ジャズ・ピアノのレジェンドの一人、ビル・エバンス。後のジャズ・ピアニストの演奏スタイルに大きな影響を与えた、ジャズ・ジャイアントの一人でもあって、エバンスの影響下にあるジャズ・ピアニストは「エバンス派」と呼ばれる。そんな偉大なジャズ・ピアニストであるエヴァンスは、生涯、ピアノ・トリオを中心に活動を続けたことでも知られる。
ピアノ・トリオと言えば、ピアノ=ベース=ドラムの構成が基本になる。1940年代後半から1950年代前半までのオールド・スタイルのピアノ・トリオは、ピアノ=ベース=ギターであるが、1950年代後半、ハードバップ全盛期以降、ピアノ・トリオといえば、前者の構成が基本となる。そうなれば、リーダーのピアニストとしては、パートナーであるベーシスト、そしてドラマーとの相性が鍵になる。

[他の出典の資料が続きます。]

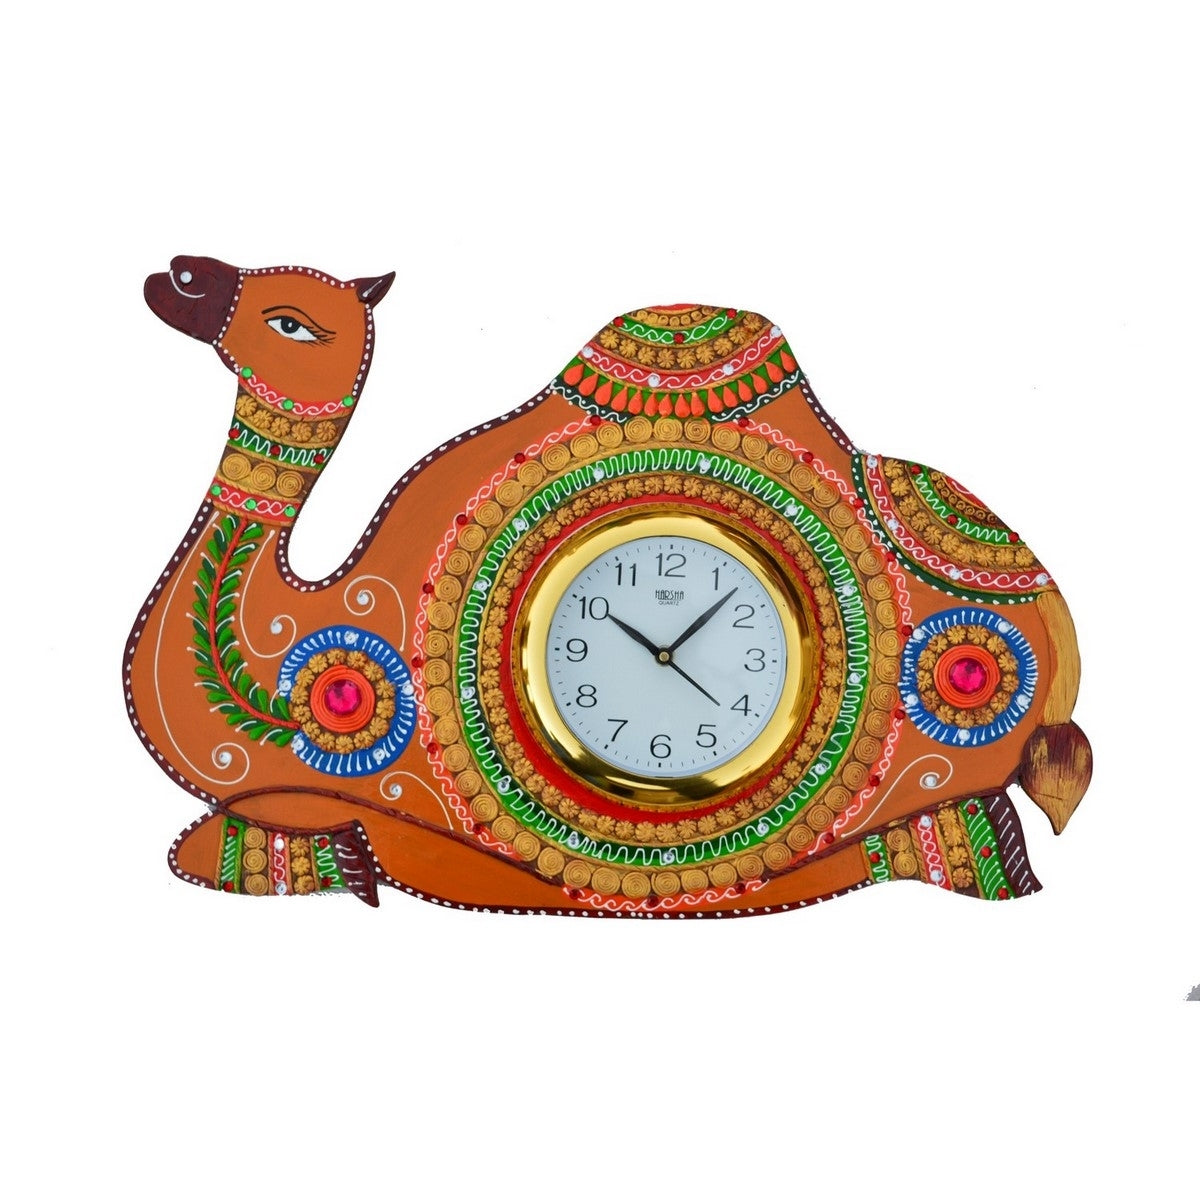 Papier-Mache Camel Handcrafted Wall Clock

エバンスの生涯に渡っての「最適なベーシスト」は、エディ・ゴメス(Eddie Gomez)になるだろう。1966年から1977年の間、11年間、エバンス・トリオに在籍した。「ビート」は絶対、次に「旋律」が絶対、リズムも十分供給出来る、というベーシストの力量。これが、エバンスが、ピアノ・トリオ3者対等なインタープレイを可能にする「キーワード」。

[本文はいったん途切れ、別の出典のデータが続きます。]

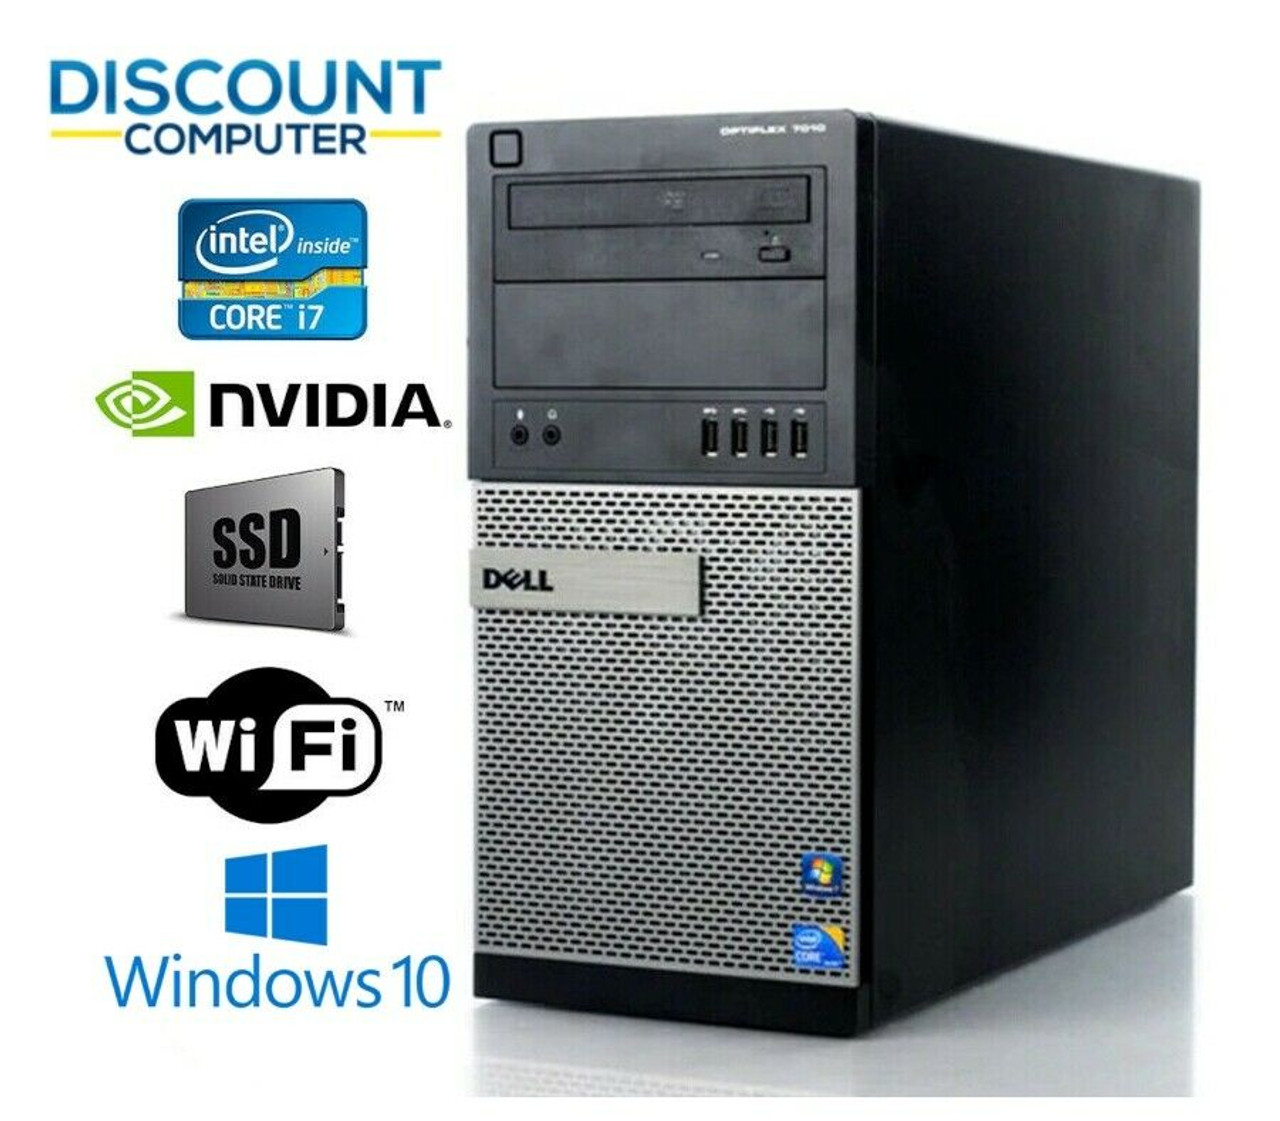 Dell Gaming Pc I7 Nvidia Gtx 1650 Ssd 1tb 16gb Ram Win10 Desktop Computer Discount Computer

そういう点では、ゴメスはエバンスにとって申し分の無いベーシストであった。エバンスのアドリブを支える「強靱で躍動感溢れるビート」を供給し、エバンスのイメージを受けて、ベースで「唄う様な旋律」を展開する。ゴメスはベースラインで「リズム」も供給することが出来るベーシストで、このアルバムではエバンス=ゴメスのデュオだが、演奏の雰囲気はピアノ・トリオそのものと変わらない。
Bill Evans『Intuition』(写真左)。1974年11月の録音。Fantasyレーベルからのリリース。ちなみにパーソネルは、Bill Evans (ac-p, el-p), Eddie Gomez (b)。マーサー・エリントン作の美しいバラード「Blue Serge」や、スティーヴ・スワロウ作の「Falling Grace」など、素晴らしいデュオの展開。そして、クラウス・オガーマン作の「A Face Without A Name」での、ゴメスのベースをバックに、エバンスの紡ぎ出す美旋律が素晴らしい。
エバンス=ゴメスの「二人の世界」にもはやドラマーは存在しない。ドラマーが存在しない分、リズムがシンプルに整理されて、エバンスの繊細なフレーズがよりクッキリと浮かび上がる。「ビート」は絶対、次に「旋律」が絶対、リズムも十分供給出来る、という「エバンスのベーシスト」としての条件を十分にクリアしたエディ・ゴメス。エバンスの生涯の中で「最適なベーシスト」である。